ANYWAY, what I am trying to express here is: This system is set up to ensure that people fail. Aside from the legal standards for immigration relief, which are themselves profoundly unfair, the government deliberately puts logistical barriers in the way of immigrants acting on their few guaranteed rights. In a climate like this, “raids” are less a choreographed assault and more a lazy fish-in-a-barrel shootout. All you have to do is wait for would-be law-abiding people to turn up at their check-ins.

I think it’s important to remember that it’s not just the obvious violence of kidnapping immigrants from their homes and workplaces, but also the pitiless workings of the immigration bureaucracy—which are completely impossible for ordinary people to negotiate, due to the stupid complexity of the laws and the totally impractical intricacies of its procedural mechanisms—that make the lives of asylum-seekers and immigrants so hellish. Even if Bernie or another immigration-friendly candidate manages to defeat Trump, dismantling this system, many of whose worst aspects long predate his presidency, will require real political determination.

That said, it’s very clear that defeating Trump is a necessary condition to improving the lives of immigrants. In addition to all the other action items I usually suggest in these digests—attending and organizing protests, watching public immigration hearings in the court nearest to you, donating to immigrant bond funds, spreading the word to friends and family—the other big thing we need to do is organize to put an immigration-friendly president in the White House in 2021. The executive’s almost unfettered ability to dictate the actual scope and nature of immigration enforcement means that who the president is, personally, has a much more direct and immediate impact in the area of immigration policy than in most other policy areas.
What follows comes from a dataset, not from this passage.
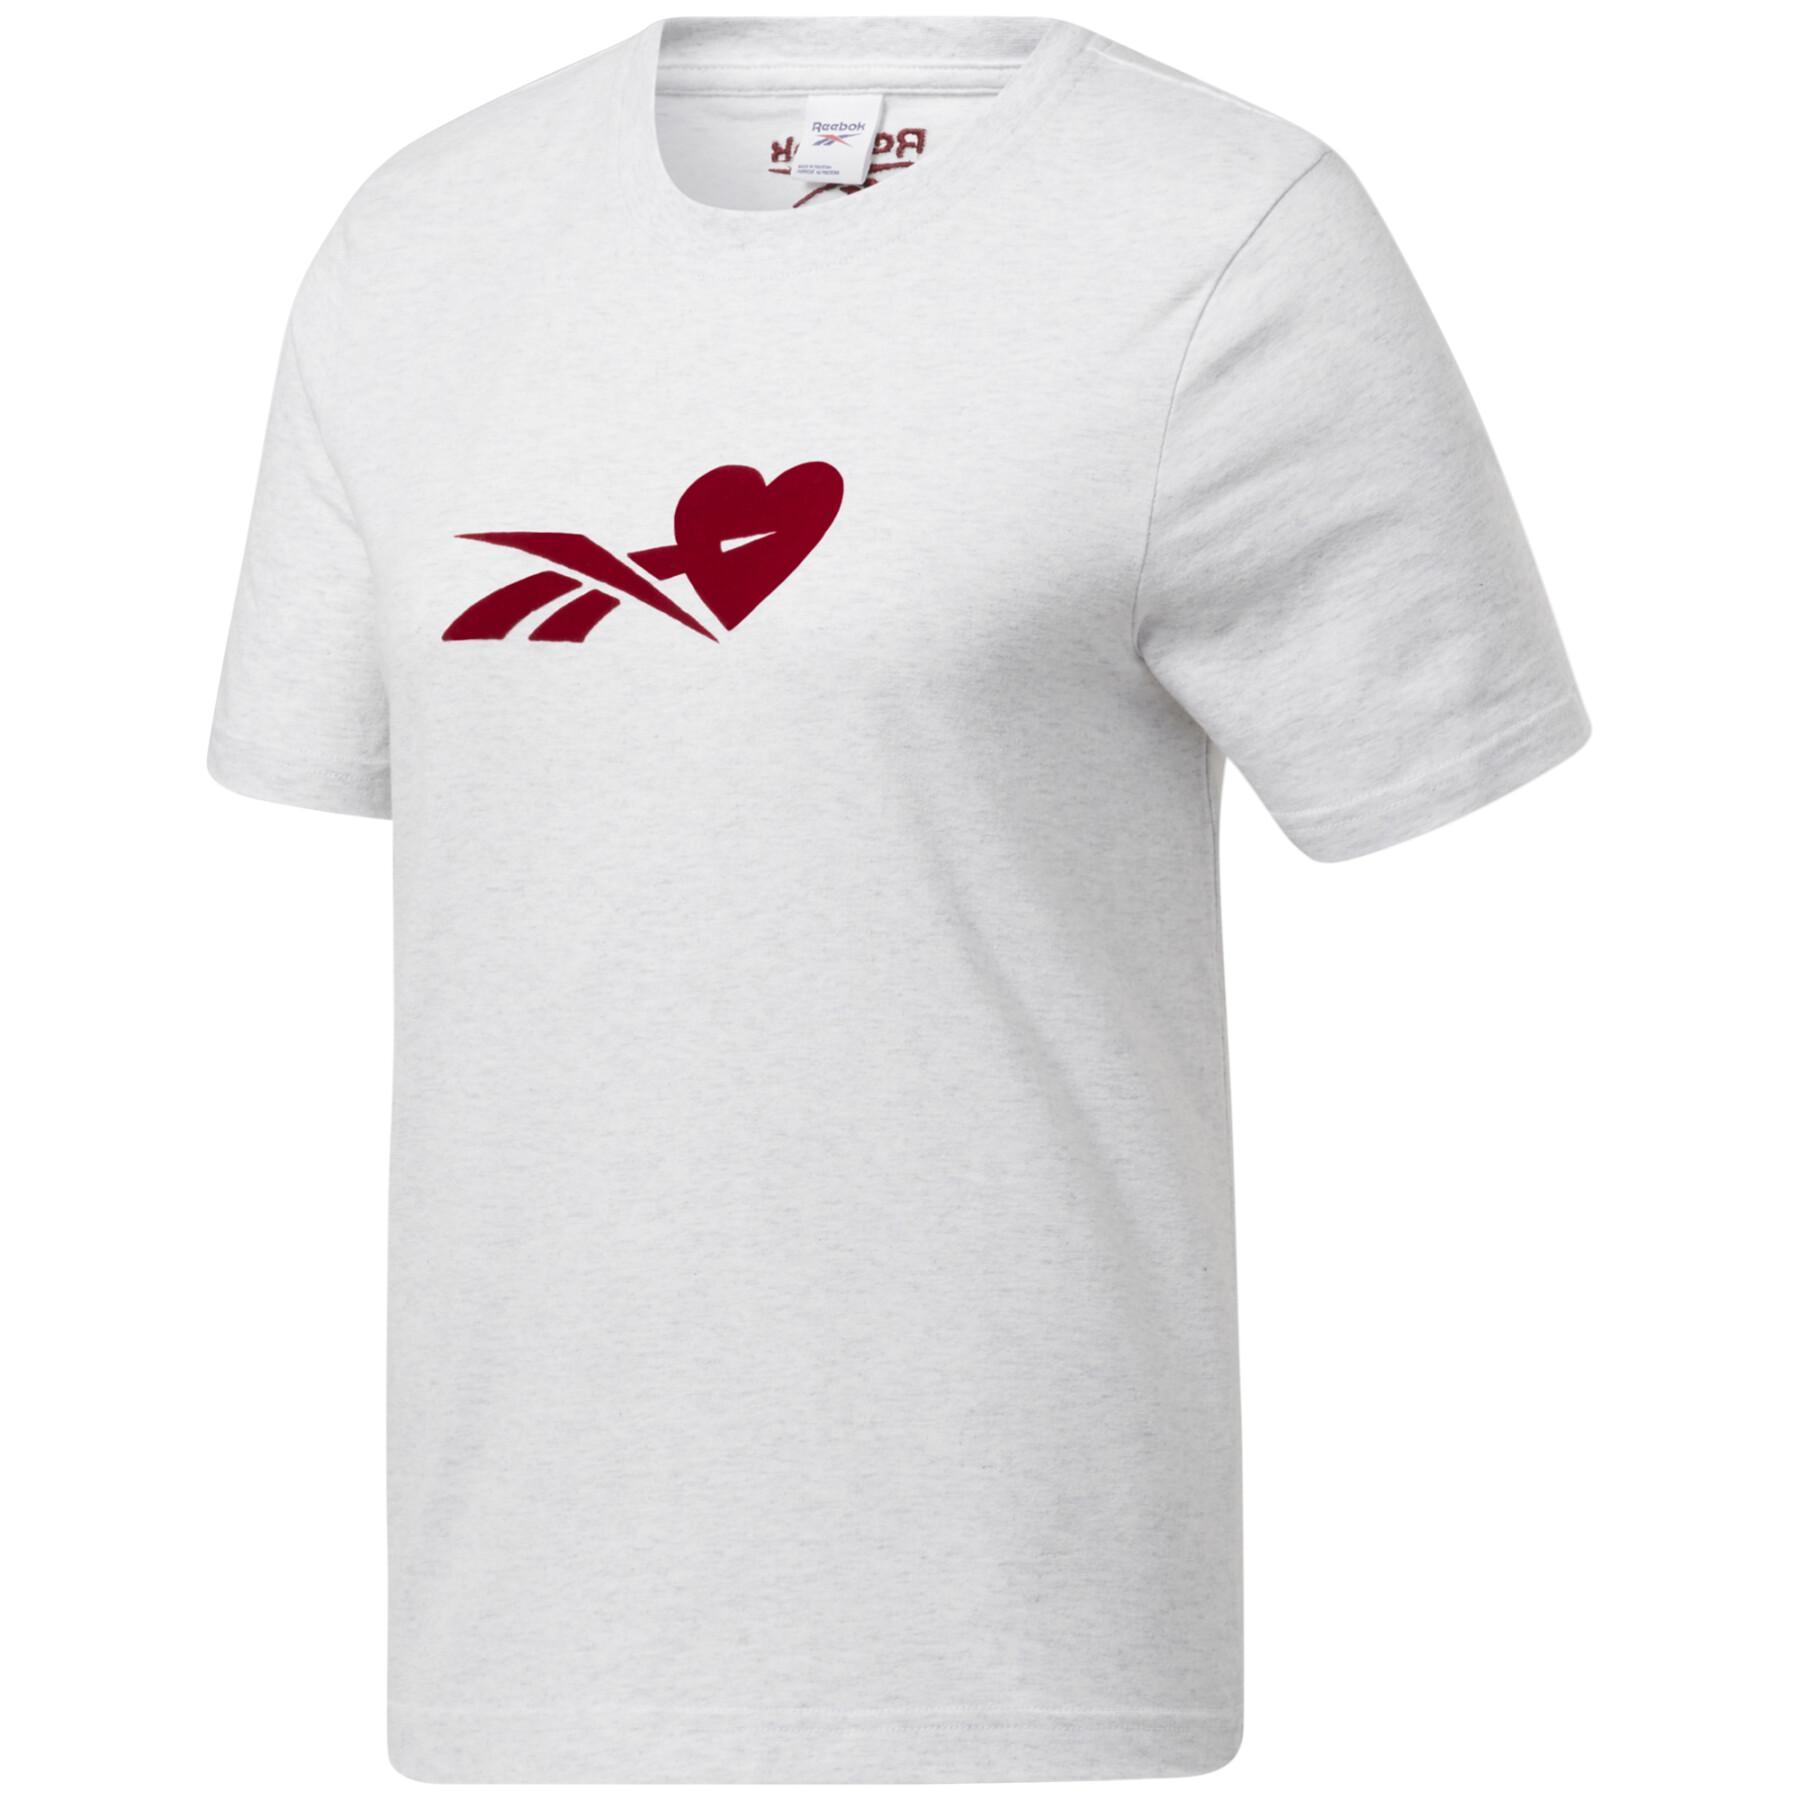 Women's T-shirt Reebok Valentine Graphic

I’ve wrestled for a long time with feelings of pessimism, mistrust, and despair as I think about the election, frustrated by the Democratic candidates’ lack of attention to issues that feel overwhelmingly urgent to me, and unsure of how far to trust anyone’s vague public rhetoric. But now that we have three candidates with decent immigration policy plans, and two of them (Sanders and Warren) are frontrunners, it feels like time to put the cynicism temporarily on ice, and push hard to get one of these people in office. Unless and until we unseat this administration, most of our efforts to stop these atrocities will likely be in vain.